Prostitution play fails to grasp serious subject
Posted on March 11, 2017 By Colin MacLean Entertainment, Front Slider, Theatre
When it premiered in Toronto in 2014, Erin Shield’s new play Soliciting Temptation conflicted the reviewers. The Globe and Mail could only eek out “tolerable” while The National Post found it “the season’s best new play.”
A new co-production from Calgary’s Sage Theatre and Edmonton’s Shadow Theatre – at the Varscona Theatre until March 26 – falls somewhere between the two.

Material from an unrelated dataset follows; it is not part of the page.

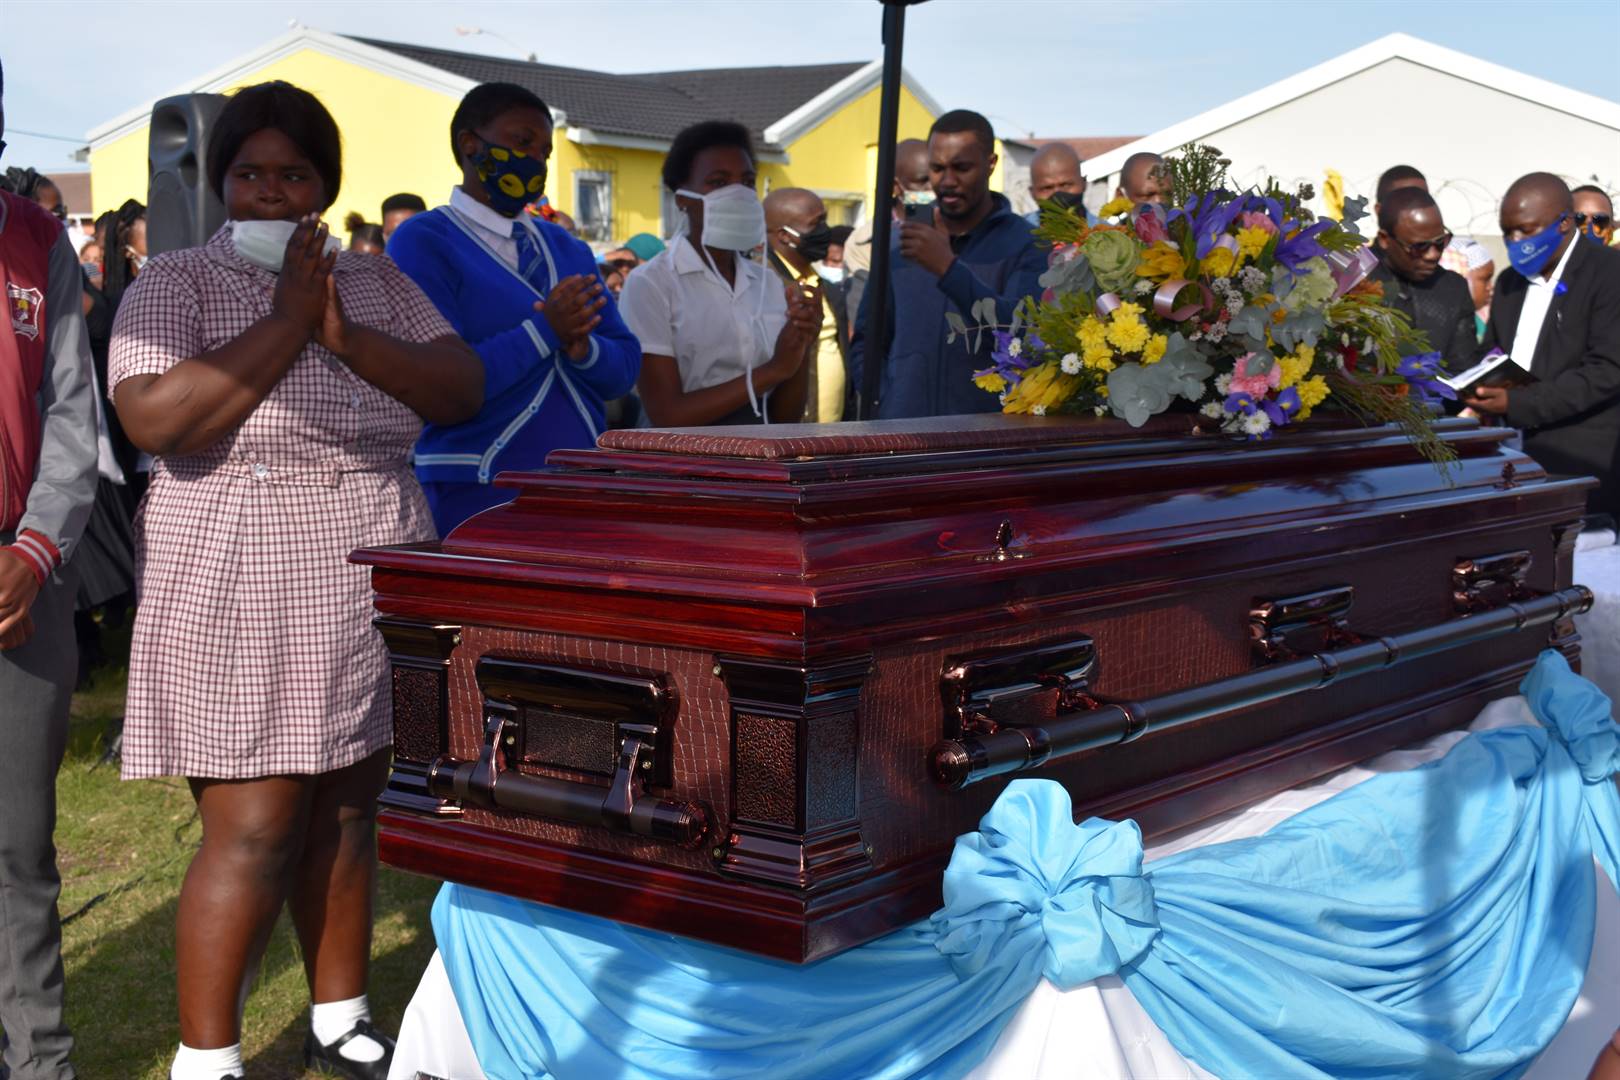 The community members came to pay their last respects to Amahle Quku, who will be buried in the Eastern Cape tomorrow. Photo by Bulelwa Mbadamane

The intermissionless, 90-minute two-hander benefits from Jason Mehmel’s well-paced direction and two fine performances from Patricia Cerra and Mattie Overall. The production is talky and the events are contrived but the subject matter is provocative. The play is often surprising and generates some dramatic traction.
Soliciting Temptation opens in a dingy room in some third-world country. We are in Joseph Conrad Heart of Darkness territory here as we meet a middle-aged man (he is identified in the program only as “Man”), hot, mopping his brow and scarfing down the booze. He’s very unhappy with his room and its broken air conditioner and fan, and is on the phone demanding to be moved when there’s a knock on the door. It is the “Woman” (also identified this way in the program) that he is expecting. She’s dark, young (but not a child) and exotic.

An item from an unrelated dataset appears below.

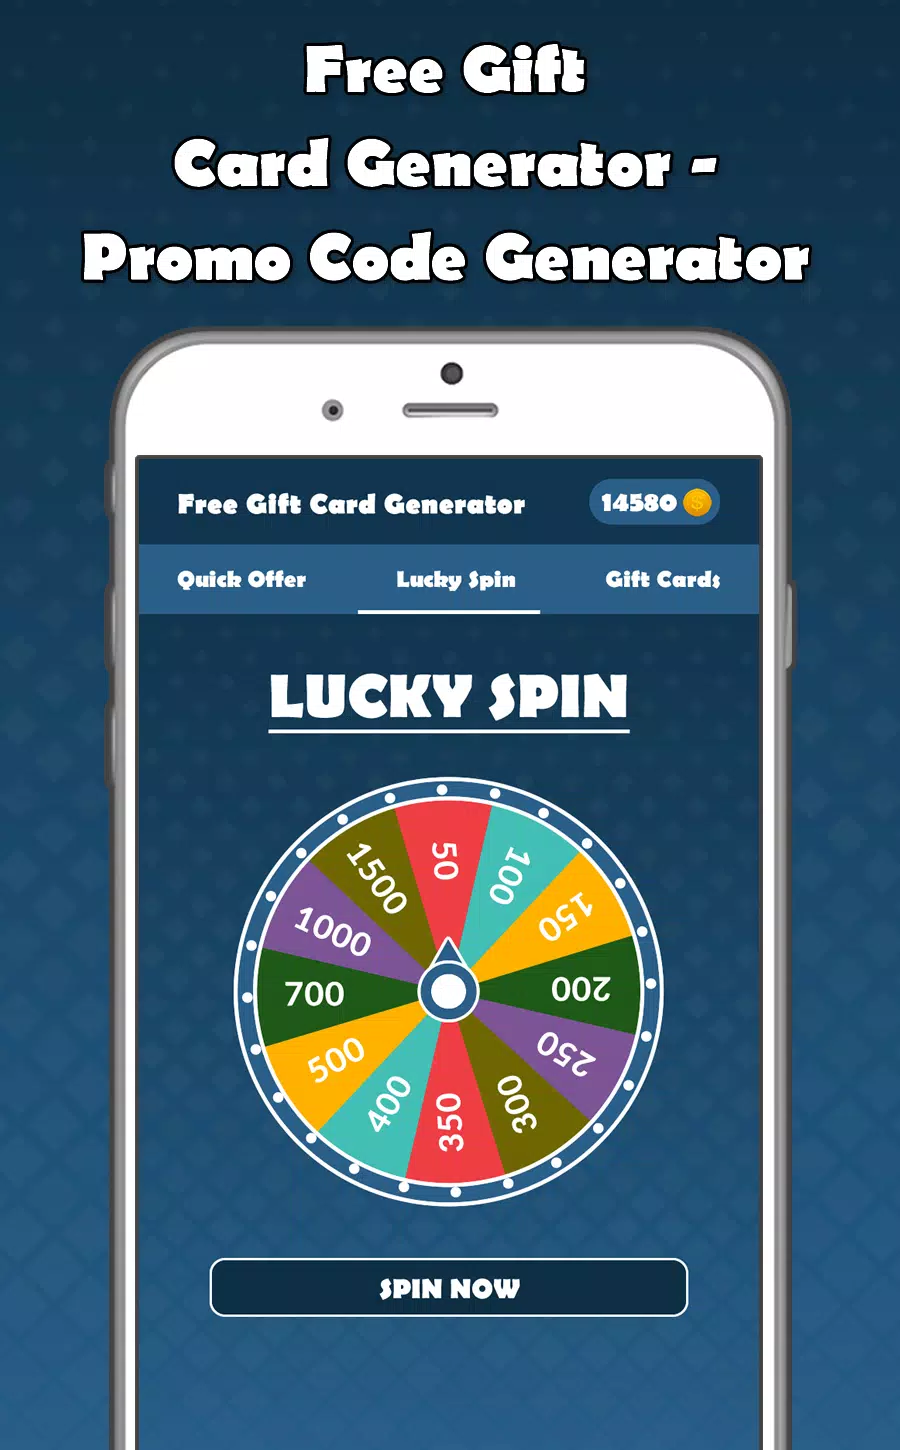 Free Gift Card Generator - Promo Code Generator for Android - APK Download

It becomes obvious very quickly that what we are watching is another sad chapter in the story of the international sex trade.
He’s a lonely businessman and she is a young prostitute. He is obsessed with her age and keeps asking her how old she is, as if somehow her youth is an aphrodisiac. She says nothing but proceeds to remove her clothes. He’s caught off balance by the abruptness of the act and even more surprised when she breaks into perfect English. Not only does she speak, but begins to harangue him about his dark immoral desires and threatens to bring the powers of morality down on his head. It’s a quite compelling opening even if you don’t really believe in either of them.
Turns out the fellow is the victim of a set up. His prospective young conquest is in reality a fiercely idealistic young woman from the Western world who is bent on trapping sex tourists – or more exactly, just him. However, she seems to be making it up as she goes along and hasn’t thought out what happens next. For one thing, we are asked to believe that she has traveled over half the world to rant at this hapless fellow. Is there a large organization behind her? Are the police to be called? Is this a sting operation? What is she – some kind of vengeful freelance sexual vigilante?
Soliciting Temptation is a play-long dialogue that skirts around and never comes to grips with the very serious subject it raises. The two performers successfully invoke a number of emotions ranging through anger, humiliation and (for the man) the very present fear of exposure.
The fulcrum of power gravitates back and forth between the two as they take turns grabbing the advantage. She stakes out the moral high-ground, although he observes she sounds as if she’s reading off a website. He is given the unenviable task of trying to rationalize the sex trade.
“It improves the local economy,” the Man says weakly. He even goes at some length into the wet dream of every john – that real love is generated during the transaction.
“She sings in the morning,” he rhapsodizes. Overall is a good actor, but I don’t think he convinced anyone in the audience – certainly not the Woman. The dialogue is generally artificial and you can almost see the ideas gestating in the mind of the playwright.
As the work progresses, Shields tries to move her characters toward some human connection (or at least some common ground) and in that she is largely assisted by the two performers. They battle gamely to overcome the problems with the script and you find yourself at least mildly involved with the two – all of which is rendered moot when Shields suddenly pulls the play out from under them with a precipitous and highly unsatisfactory ending.
At the beginning of the play the air conditioner and the fan are broken. In some ways, so are the two characters. Probably neither will ever be repaired. The topic certainly deserves a probing theatrical investigation and while the play opens up Pandora’s Box, it doesn’t look very deeply inside.